Materi lain yang disampaikan dan tidak kalah penting adalah hasil monitoring dari koordinator binwas PTA Palangka Raya, Drs. H. Ahmad, SH., MH. mengenai keaktifan seluruh satker dalam menginput data-data pada SIADPA Plus dan SIMPEG. Menurut Ahmad, di zaman yang serba teknologi ini, dengan adanya SIADPA Plus dan SIMPEG tentu akan sangat membantu tugas kita sehari-hari.
Untuk itu beliau berharap agar seluruh satker di lingkungan PTA Palangka Raya dapat aktif dan rutin menginput data-data tersebut. Karena, peringkat PTA Palangka Raya secara nasional sangat dipengaruhi oleh kinerja Pengadilan Agama di bawahnya.
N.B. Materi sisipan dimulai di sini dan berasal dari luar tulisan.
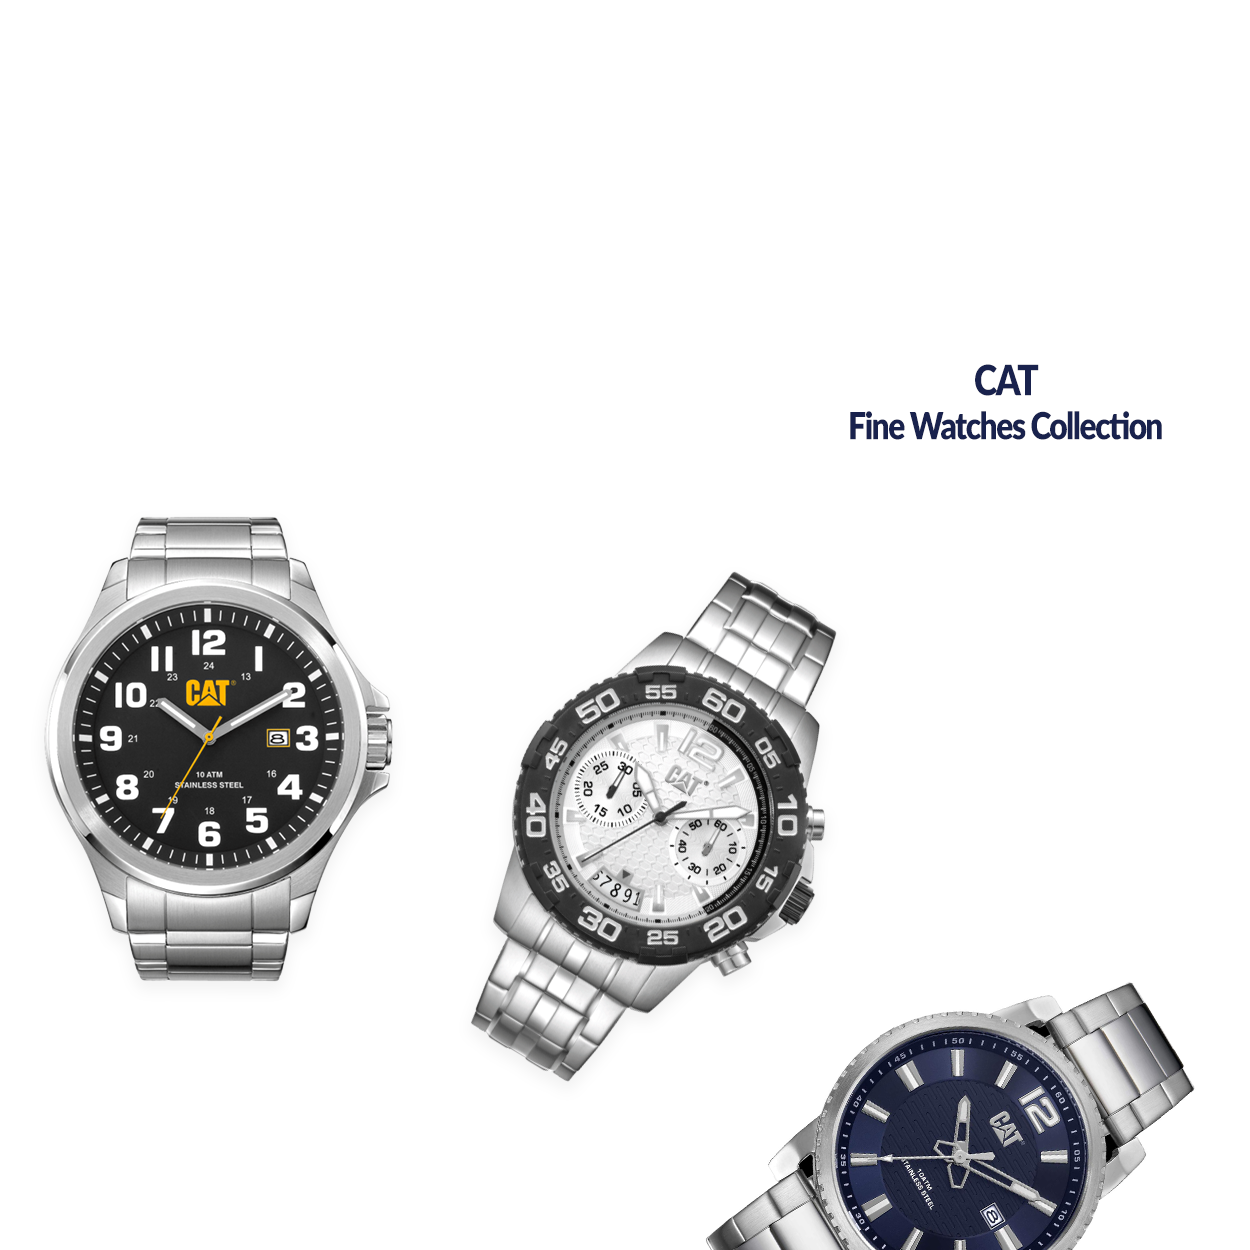 CAT fine watches collection

Hakim dan pegawai PA Buntok menyimak penyampaian hasil rakor
Di akhir acara, KPA Buntok berharap agar seluruh unit dapat bergerak cepat mempelajari informasi-informasi baru yang telah disampaikan. Dan beliau juga menginginkan agar kekurangan-kekurangan yang masih ada segera dibenahi, kita tidak ingin berada dalam catatan merah PTA Palangka Raya, tutup beliau. by hamid.